Implementation:Datahub project Datahub WriteToDataSourceV2Visitor

Knowledge Sources	Datahub_project_Datahub
Domains	Spark_Lineage, OpenLineage
Last Updated	2026-02-10 00:00 GMT

Overview

WriteToDataSourceV2Visitor is a query plan visitor in the io.openlineage.spark.agent.lifecycle.plan package that extracts output datasets from Spark Structured Streaming write operations. It extends QueryPlanVisitor<WriteToDataSourceV2, OutputDataset> and handles the WriteToDataSourceV2 logical plan node, which is the plan representation of a streaming micro-batch write.
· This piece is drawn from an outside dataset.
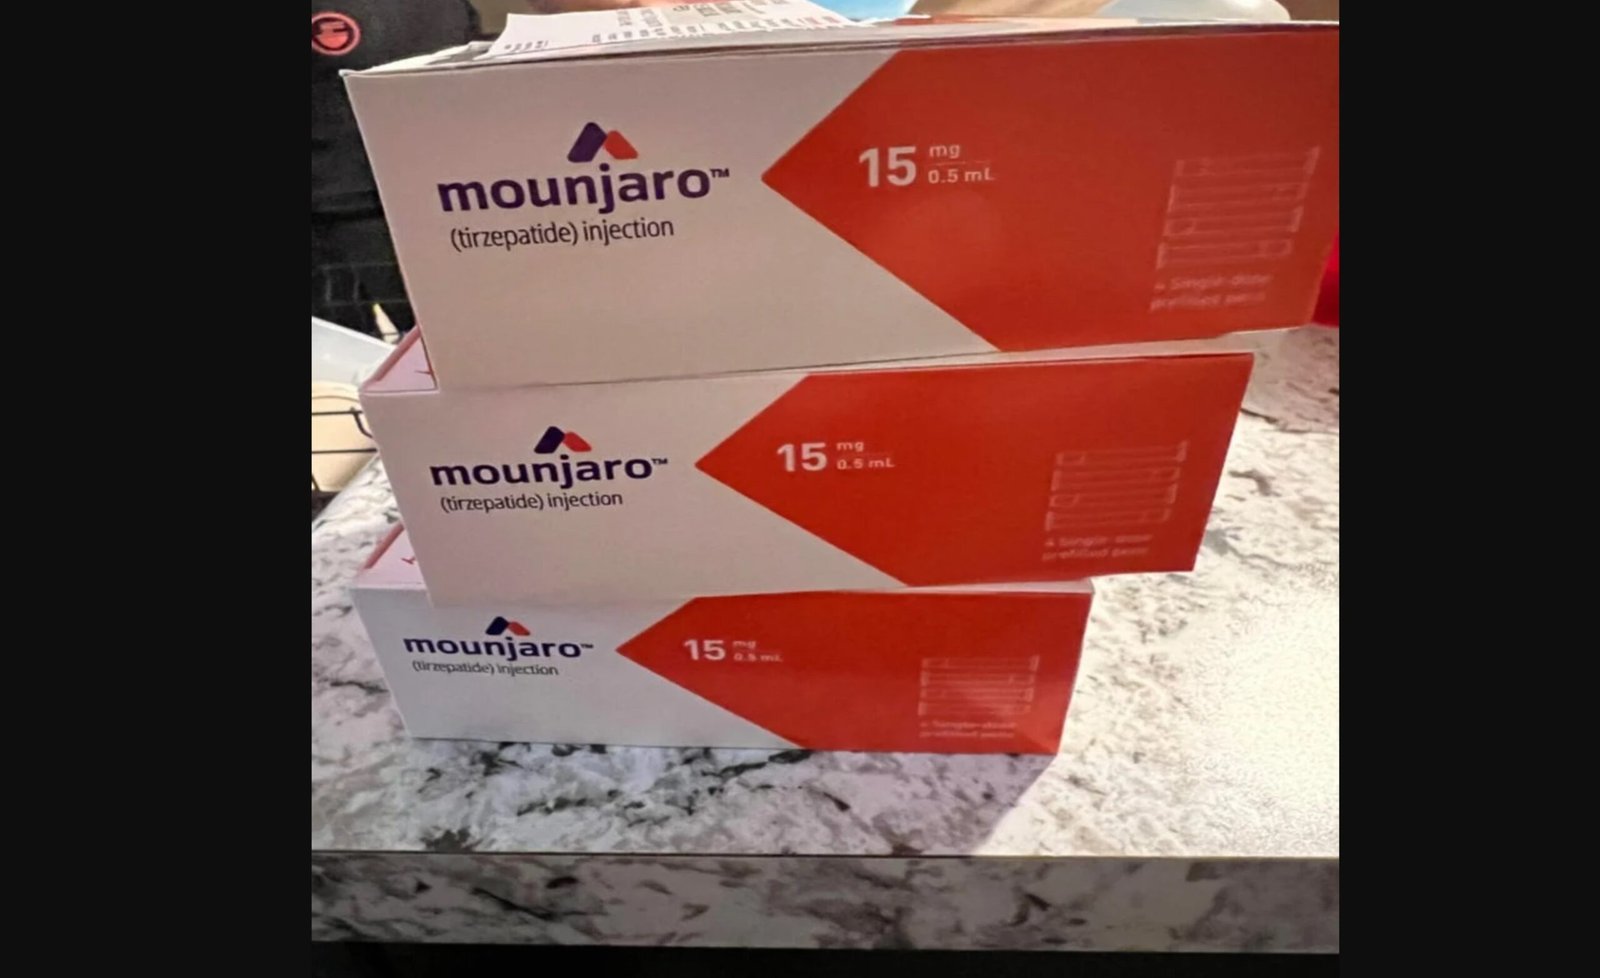 اشتري 15 مجم مونجارو عبر الإنترنت في البحرين مع التوصيل المجاني

The visitor supports Kafka streaming writes via a dedicated KafkaStreamWriteProxy inner class, file-based streaming writes (including Delta, Parquet, ForeachBatch, and Console sinks), and logs warnings for unsupported sink types. It uses reflection extensively to access private fields of Spark internal classes.

This class is noted as being "shadowed from OpenLineage to support foreachBatch in streaming."
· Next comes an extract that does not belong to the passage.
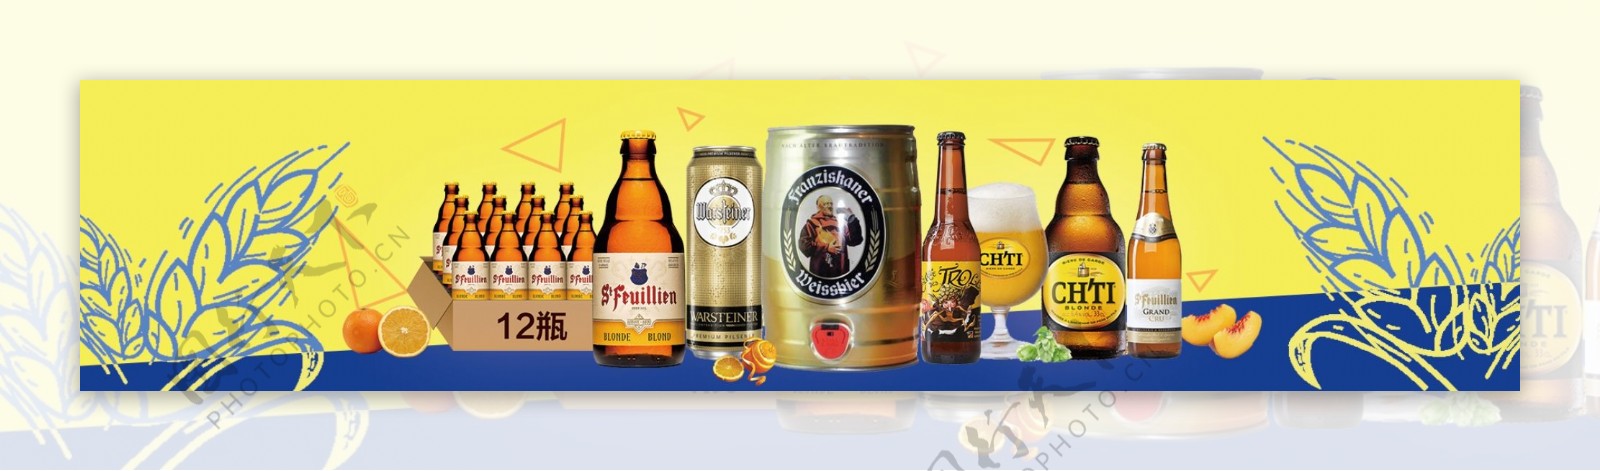 啤酒食品类产品宣传图psd

Source file: metadata-integration/java/acryl-spark-lineage/src/main/java/io/openlineage/spark/agent/lifecycle/plan/WriteToDataSourceV2Visitor.java (286 lines)

Code Reference

Class Declaration

@Slf4j
public final class WriteToDataSourceV2Visitor
    extends QueryPlanVisitor<WriteToDataSourceV2, OutputDataset> {

Constants

private static final String KAFKA_STREAMING_WRITE_CLASS_NAME =
    "org.apache.spark.sql.kafka010.KafkaStreamingWrite";
private static final String FOREACH_BATCH_SINK_CLASS_NAME =
    "org.apache.spark.sql.execution.streaming.sources.ForeachBatchSink";

Constructor

public WriteToDataSourceV2Visitor(@NonNull OpenLineageContext context)

Key Methods

isDefinedAt

@Override
public boolean isDefinedAt(LogicalPlan plan)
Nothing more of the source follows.